More so, Colombia is a nation that many have argued has had a history only defined by conflict. From its bloody independence, through to the ruthless political violence, all the way up to today, Colombia seems to have entered a cycle of violence that has yet to be broken. In this particular conflict, violence between FARC and the government has allowed for processes of enmification and dehumanization of the opposing party that lead to more violence, which makes those processes even more likely to happen, which in turn lead to more violence, and so on and so forth.

When? The conflict is at its most appropriate moment for intervention since Alvaro Uribe took office. The great military advancements that the Uribe administration has made have weakened FARC more effectively than ever before, thus changing the power dynamics between the two conflicting parties. The FARC’s willingness to free many of those who they’ve unjustly held kidnapped, and their changes in their leadership structure, present a uniquely positive opportunity to reinstate avenues for dialogue. More so, the Uribe administration still enjoys grand popular support, making the government more of a legitimate representative of Colombian civil society than it has ever been in the past.

How? As negotiation literature has often claimed, any parties involved in a negotiation need incentives to sit at the table. FARC can offer the government a cease-fire, which is nonetheless necessary to allow for successful dialogue. The government can offer FARC secure spaces to engage in dialogue, as well as a willingness to approach the application of the law with the flexibility necessary in order to successfully reinstate criminals into lawful civil society.

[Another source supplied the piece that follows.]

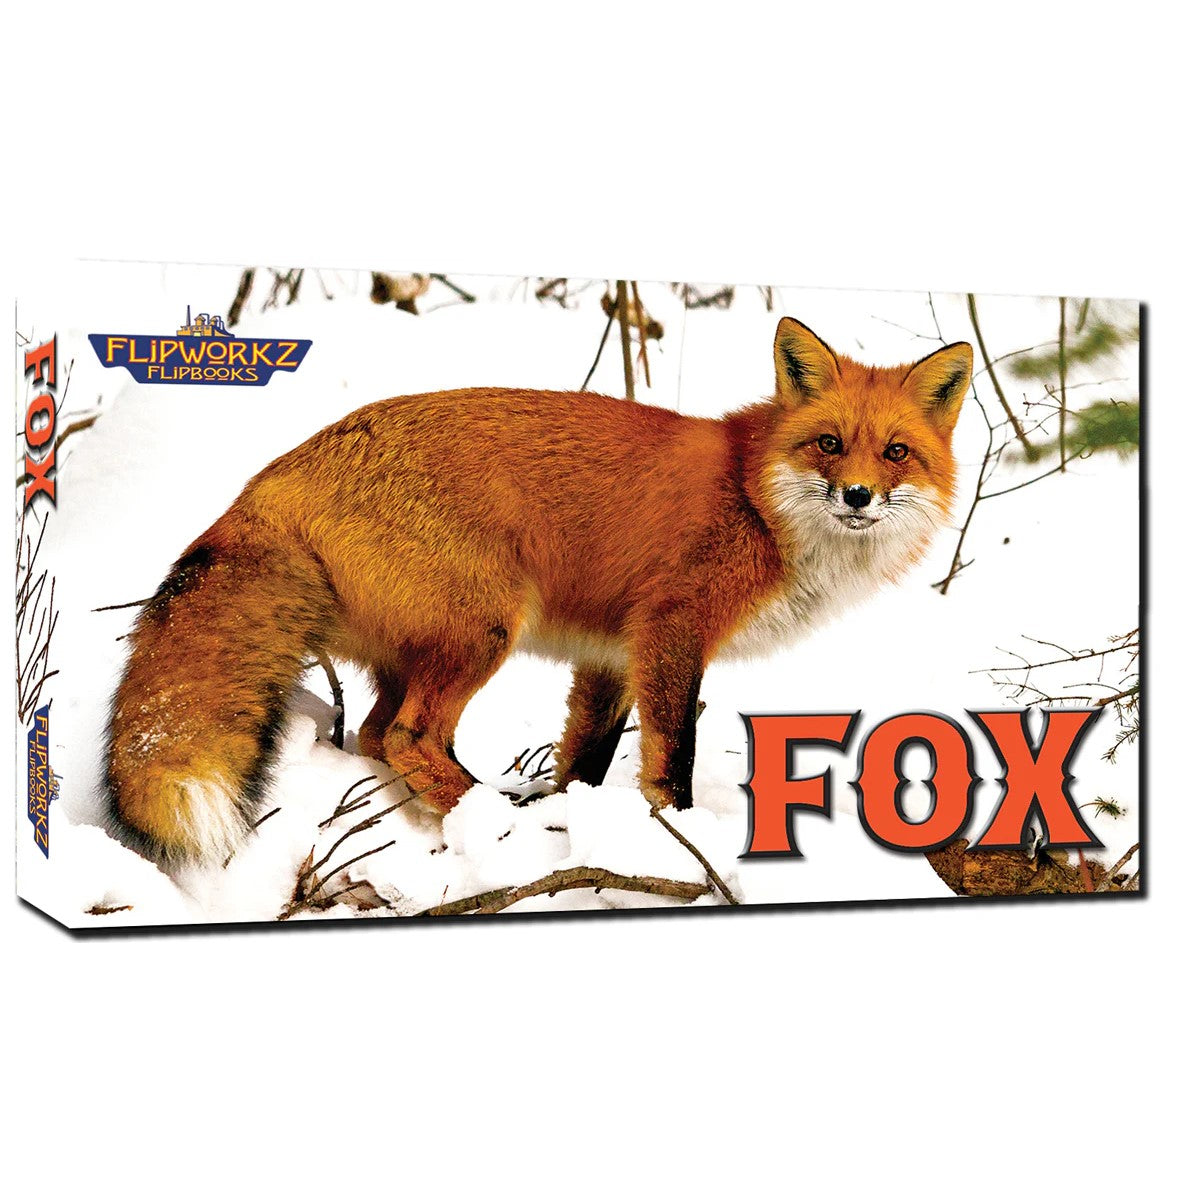 Fox Flipbook
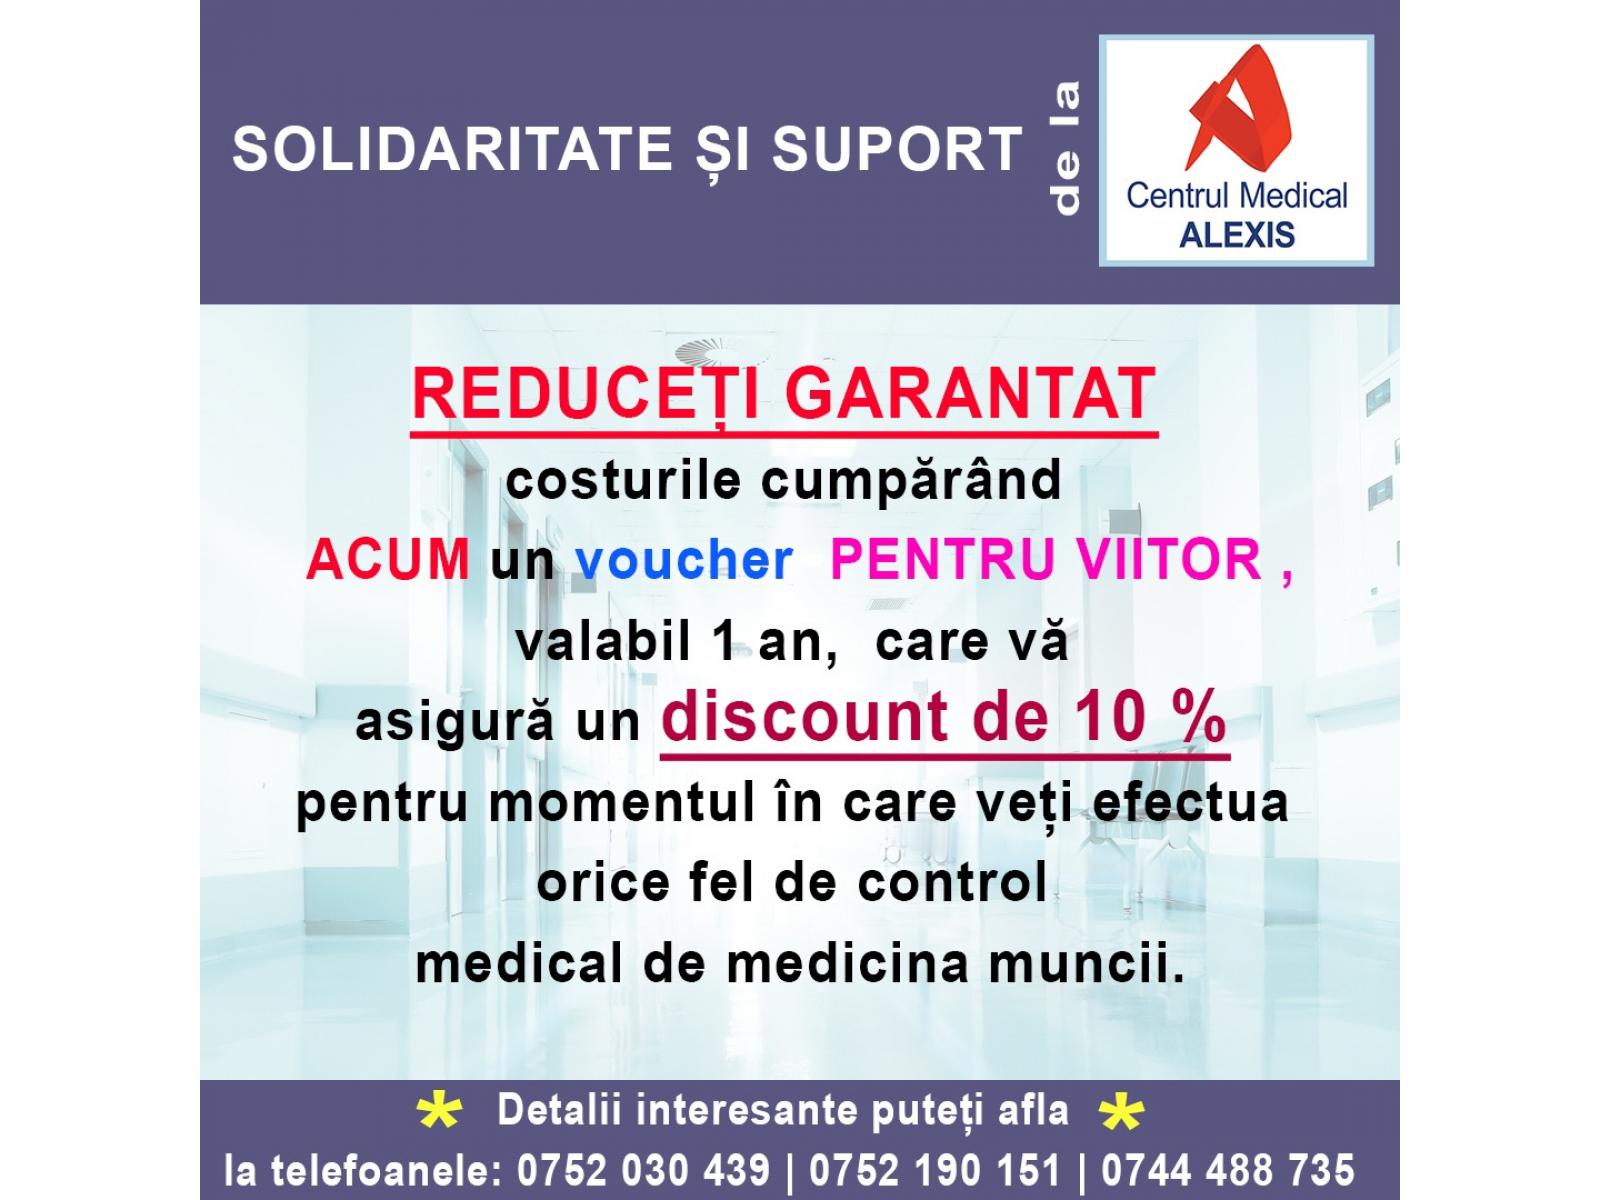 Centrul Medical Alexis - voucher-pj-solidaritate-si-sport-CM-Alexis.jpeg

More so, it might be helpful to begin not with formal negotiation, but rather with the idea of engaging in dialogue. The latter option suggests a nature of conversation that is not necessarily binding, nor dependant on results, but rather one that allows for the creation of a space where the opposing parties can share their perception regarding the conflict, their priorities, and the requirements each would have to actually engage in a formal negotiation. Dialogue also allows for setting rules, structures, and alternative solutions within the framework of formal negotiations.

Any models of dialogue should be mediated by a group of highly-trained specialists. The group should include representatives from both parties, who also receive training in mediation. Mediators need not give the illusion of neutrality, as such a state is pragmatically unachievable anyway, but they must be accepted as legitimate mediators by both parties.

Finally, there are different models for structured mediated dialogue that are explored widely in conflict resolution literature. Yet, the most helpful seems to be that of conflict circle processes, in which a mediated safe space is created. In this space participants can uninterruptedly talk about their grievances and their ideas. Processes such as the conflict circle model allow for representatives of the parties in conflict to go beyond simply expressing their positions, and into expressing the underlying interests. Recognizing the interests that drive people into conflict is a necessary first step towards establishment of formal negotiation, and eventual resolution.

Therefore, acknowledging that the armed conflict can only be resolved through dialogue, and that the opportunity for engaging in such dialogue has not been greater in years, it is time that FARC and the Uribe administration seek direct channels of communication that can result in the establishment of conflict circle models of dialogue where the conditions for a formal and well-structured negotiation can be mutually-agreed upon. Forty years of conflict seem long enough already.